# Post Op tachycardia



## txilemt (Apr 21, 2013)

23 yo female complaining of tachycardia and a very "uneasy" feeling that comes in waves. Pt had surgery 5 days prior for tib/fib fracture from MVA. On arrival pt is AO and not in resp distress. Color is good. Pulse 130, BP 156/104, res 14, Sp02 98%. Woke up around 10 am took meds: injectable blood thinner, antibiotic, and tramadol. Pt only had donut for breakfast. (We arrived at 1115). Pt stated she smoked a small ammount of marijuanna when she first woke up but said it didnt affect her at all. Got pt in rig. During 40 min transport pt vitals would jump up every 5 mins or so for about a minute. Vitals jump from: pulse-94-130, BP 134/87-160/108 and pt would tense up and complain of "uneasy" feeling. No respiratory issues but I did place her on a NRB at 15 lpm for comfort and to help with nausea. Said it helped. Complained of numbness in left arm once or twice then said it was better. Consistently went through these "waves" the entire trip. Was this a reaction to the meds on an empty stomach? Something worse? PE? Lung sounds were clear. Workinh herself up?Just a nag in my mind. Thanks


----------



## VFlutter (Apr 21, 2013)

txilemt said:


> 23 yo female complaining of tachycardia and a very "uneasy" feeling that comes in waves. Pt had surgery 5 days prior for tib/fib fracture from MVA. On arrival pt is AO and not in resp distress. Color is good. Pulse 130, BP 156/104, res 14,* Sp02 98%*. Woke up around 10 am took meds: injectable blood thinner, antibiotic, and tramadol. Pt only had donut for breakfast. (We arrived at 1115). Pt stated she smoked a small ammount of marijuanna when she first woke up but said it didnt affect her at all. Got pt in rig. During 40 min transport pt vitals would jump up every 5 mins or so for about a minute. Vitals jump from: pulse-94-130, BP 134/87-160/108 and pt would tense up and complain of "uneasy" feeling. *No respiratory issues but* *I did place her on a NRB at 15 lpm for comfort and to help with nausea. *Said it helped. Complained of numbness in left arm once or twice then said it was better. Consistently went through these "waves" the entire trip. Was this a reaction to the meds on an empty stomach? Something worse? PE? Lung sounds were clear. Workinh herself up?Just a nag in my mind. Thanks



Using 15L NRB is an inappropriate use of oxygen. There is no indication for oxygen. There is no strong evidence that oxygen reduces nausea. If you would have put her on 2L NC for "comfort" I would not agree with it but I would not make a huge deal about it either but 15L NRB is not indicated at all. 

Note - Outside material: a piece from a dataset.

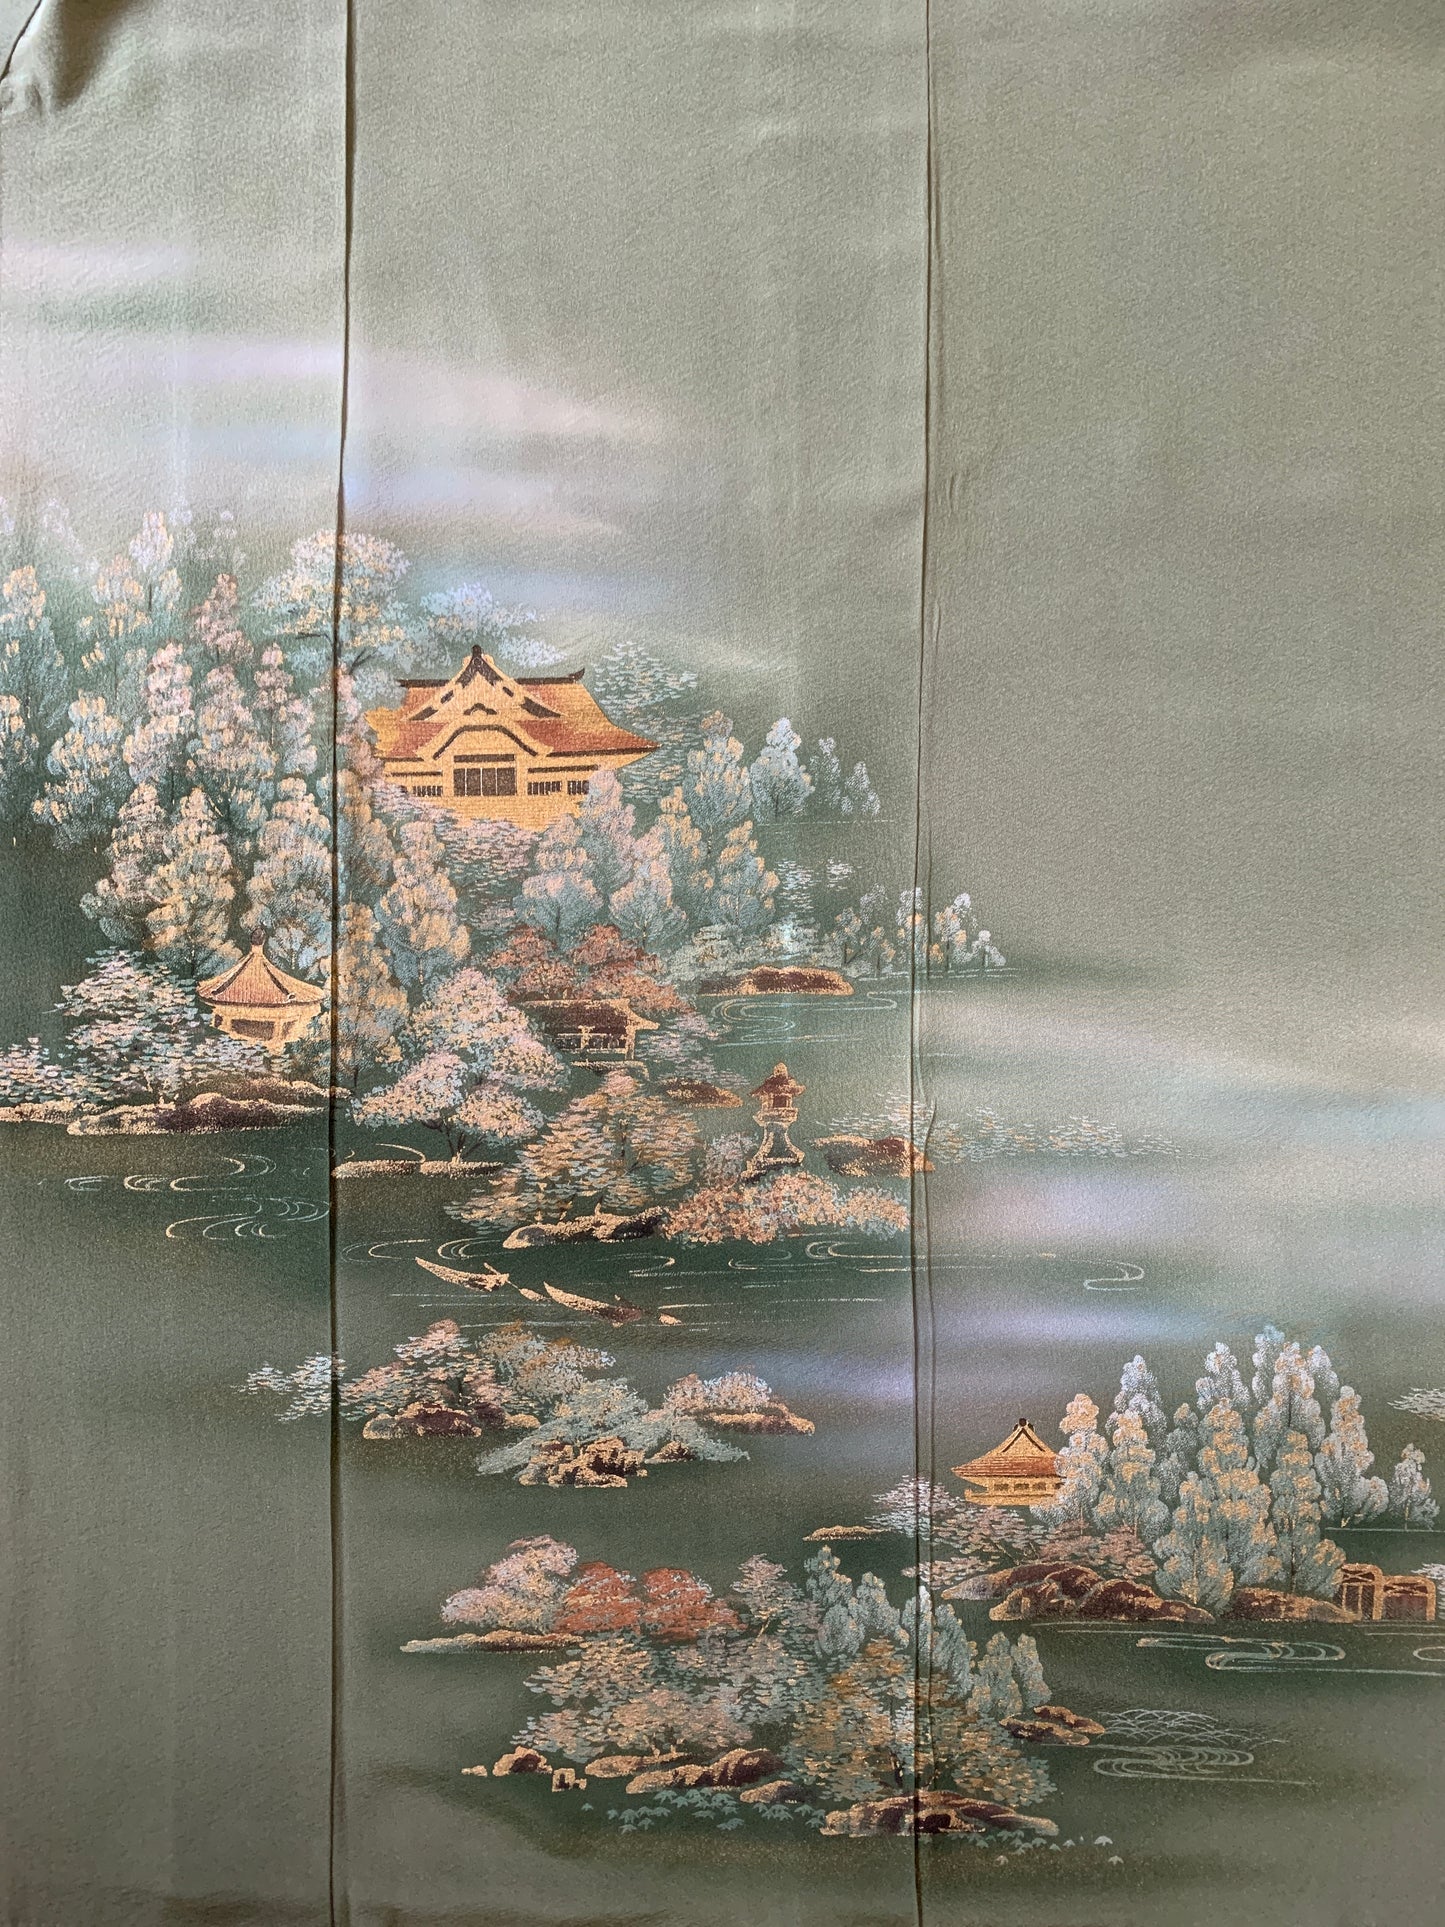 Kimono fabric for custom dress order, fabric #78

Was her pain controlled? 5 days s/p fx repair, most likely ORIF, is still pretty fresh and would most likely have significant pain that Tramadol may not adequately control. 

PE is a concern with post op ortho patients but she is on Lovenox and her symptoms don't fit. 

Taking Abx and Tramadol on an empty stomach and then smoking marijuana is probably the cause of the nausea and uneasy feeling. Maybe some anxiety and acute pain as well. Given the patients age and situation I am not overly concern with the HR or the vitals.


----------



## chaz90 (Apr 21, 2013)

Chase said:


> Really? Totally inappropriate use of oxygen and a medication error. If you would have said you put her on 2L NC for "comfort" I would just roll my eyes but 15L NRB is just ignorant. You most likely did more harm then good. Also, please provide me with research that oxygen relieves nausea. I'll give you a hint, there isn't.



This seems a bit harsh. I'm certain most on this site agree with everything you're saying, but let's not attack someone who could be a very new EMT. The OP did after all do what most EMT-B classes sadly teach and what many protocols still require. We need to be advocates for change at the educational level rather than jumping on anyone for doing what they were taught and what they thought was in the patients best interest.

I completely agree with the rest of your post though.


----------



## VFlutter (Apr 21, 2013)

chaz90 said:


> This seems a bit harsh. I'm certain most on this site agree with everything you're saying, but let's not attack someone who could be a very new EMT. The OP did after all do what most EMT-B classes sadly teach and what many protocols still require. We need to be advocates for change at the educational level rather than jumping on anyone for doing what they were taught and what they thought was in the patients best interest.
> 
> I completely agree with the rest of your post though.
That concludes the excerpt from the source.